** What you have to do **
The response should be an exact transcription of the data below, free of images.
======== Dataset extract
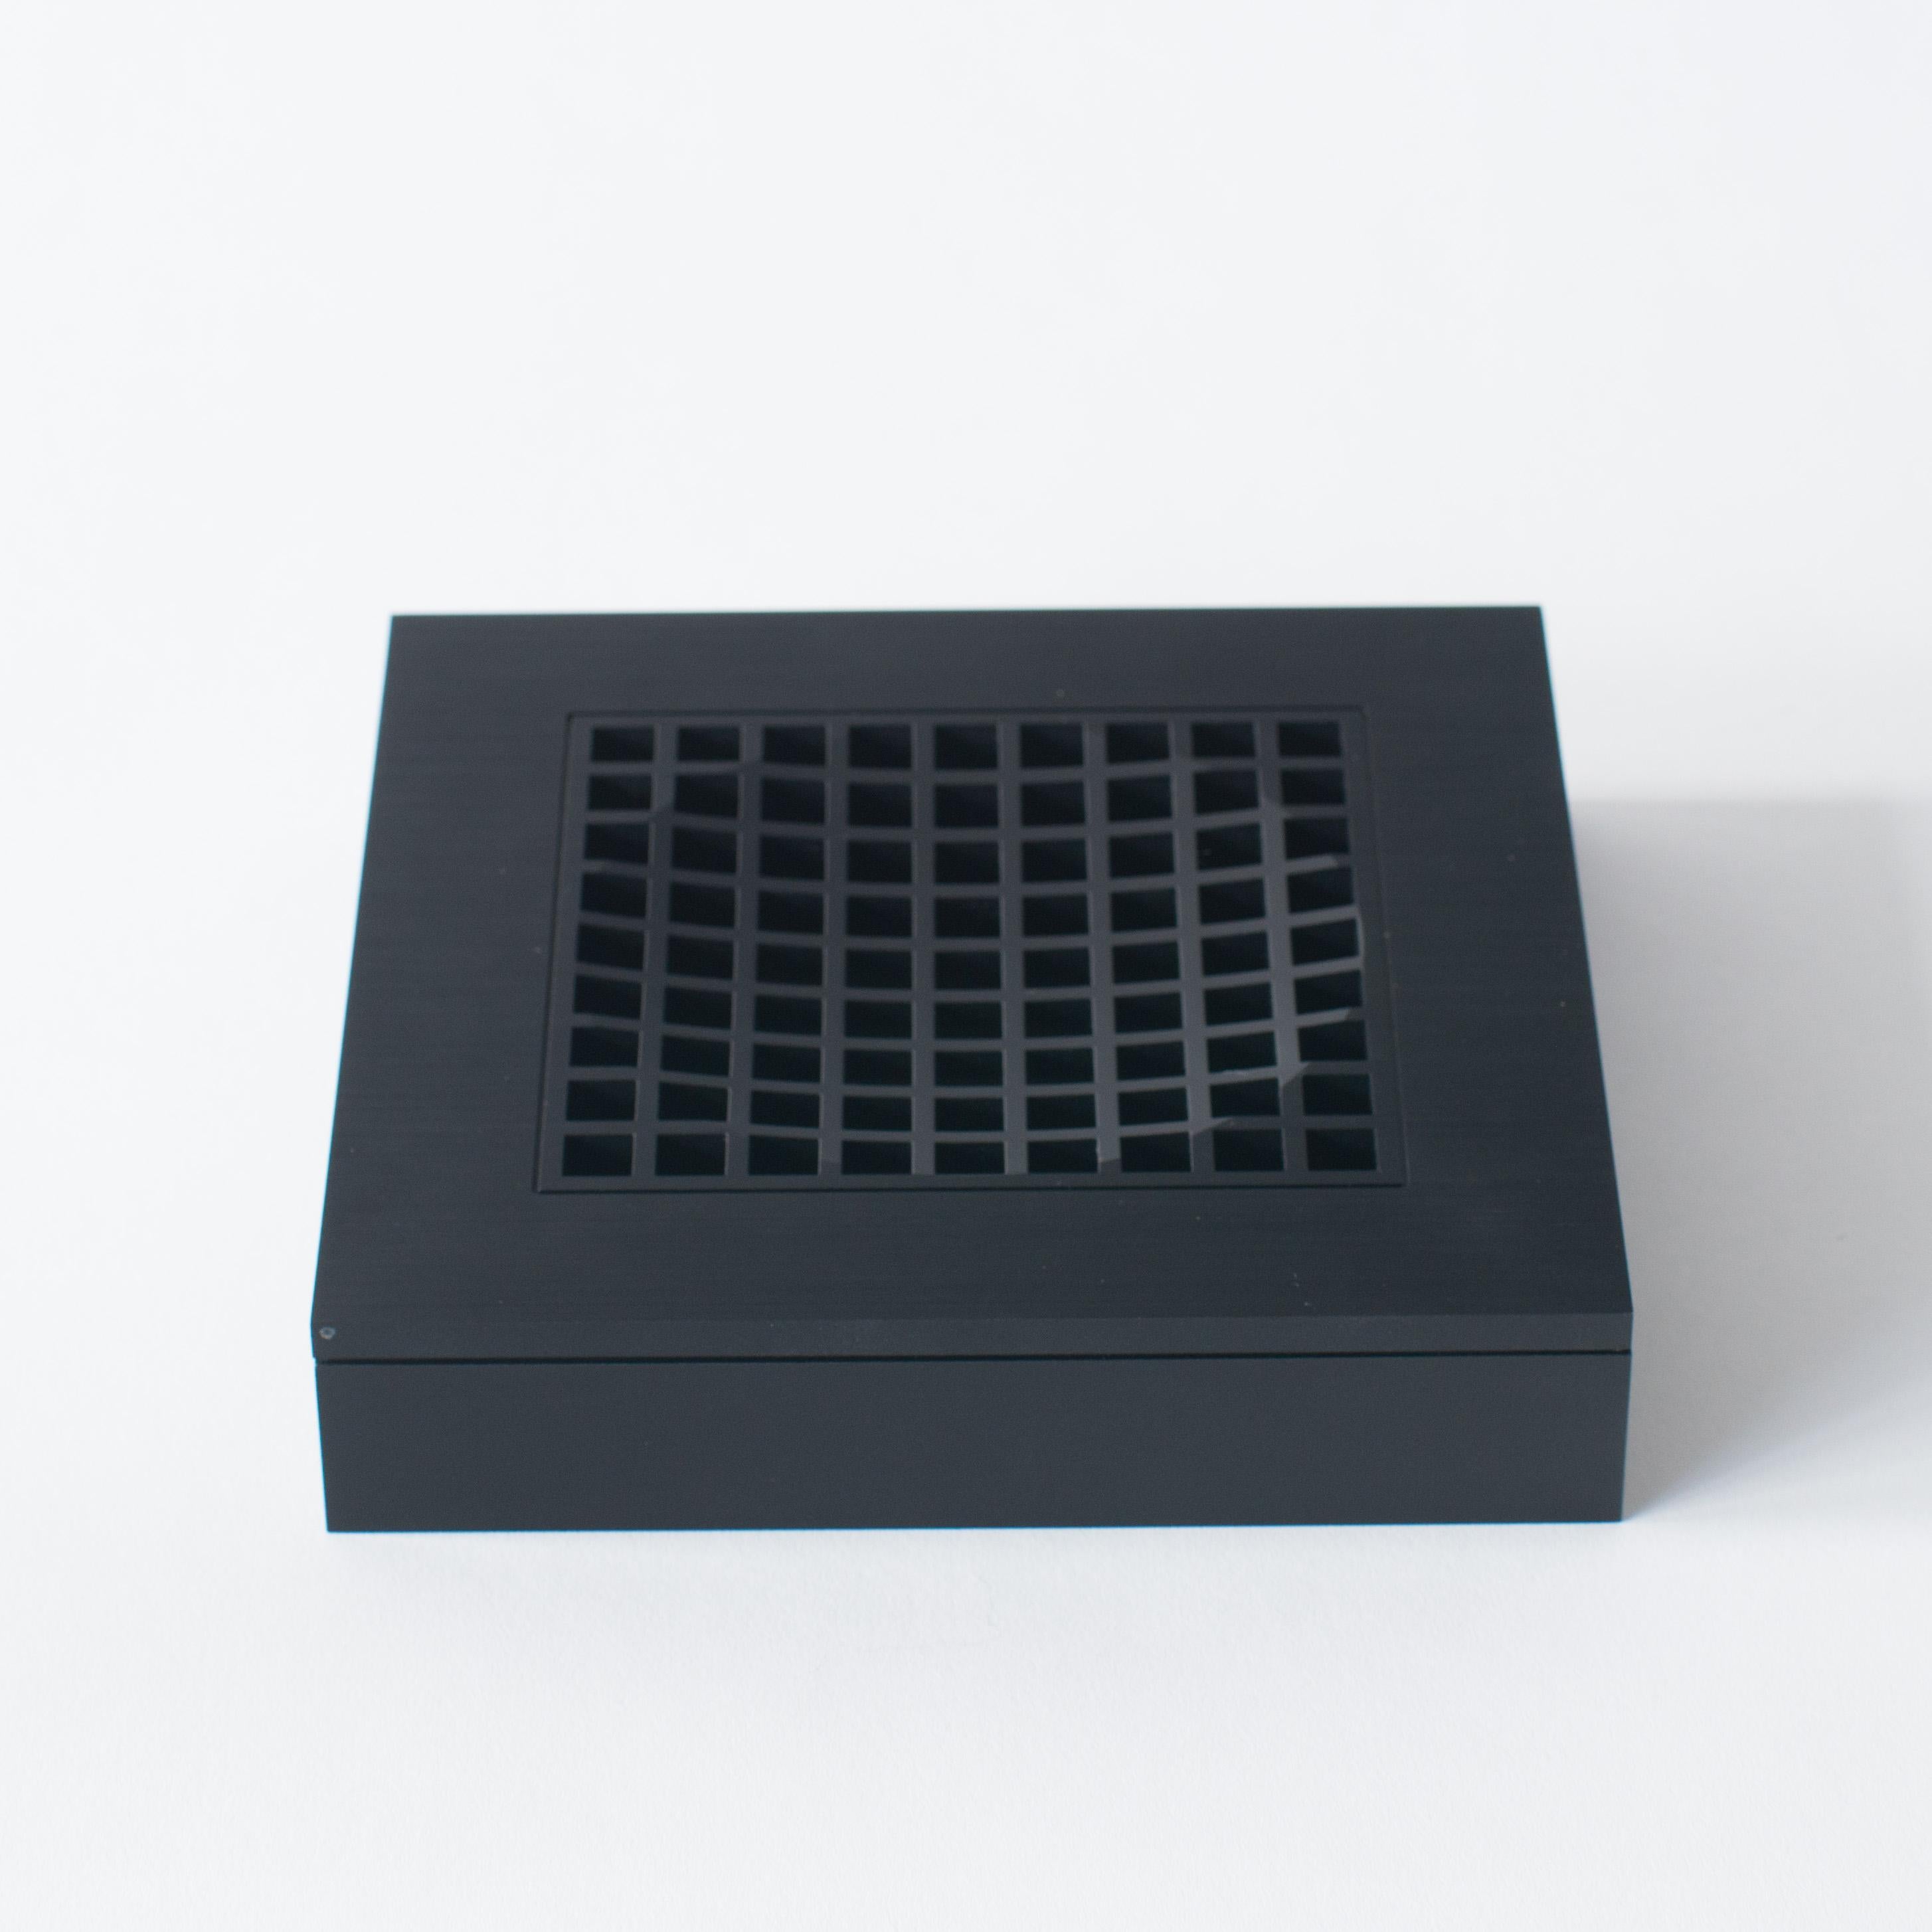 Shiro Kuramata's ashtray1. Made of black aluminum.
Rather optical art object than usual astray. 


  
  
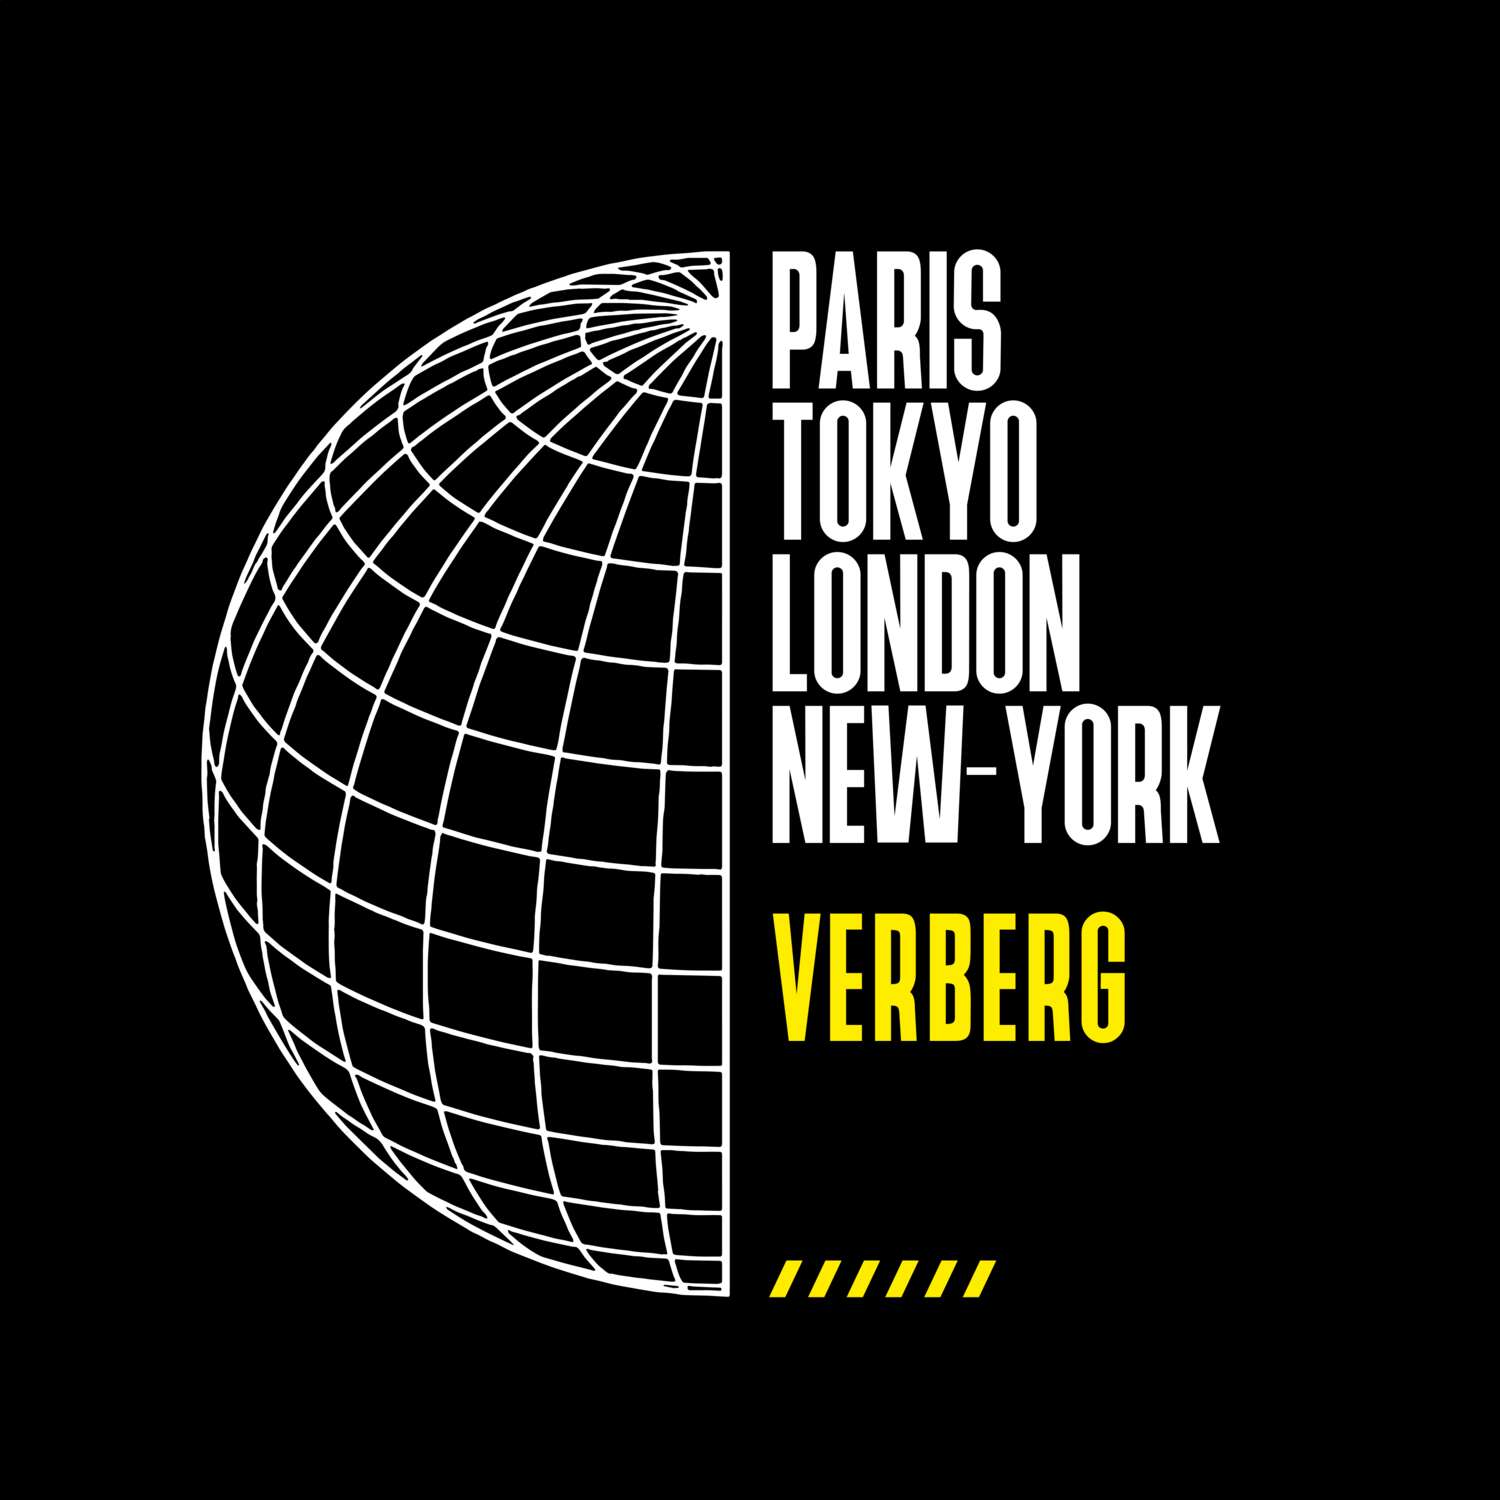 Verberg T-Shirt »Paris Tokyo London«
================
** Answer for the task **
 Shiro Kuramata's ashtray1. Made of black aluminum.
Rather optical art object than usual astray. 


  
  
 Verberg T-Shirt »Paris Tokyo London«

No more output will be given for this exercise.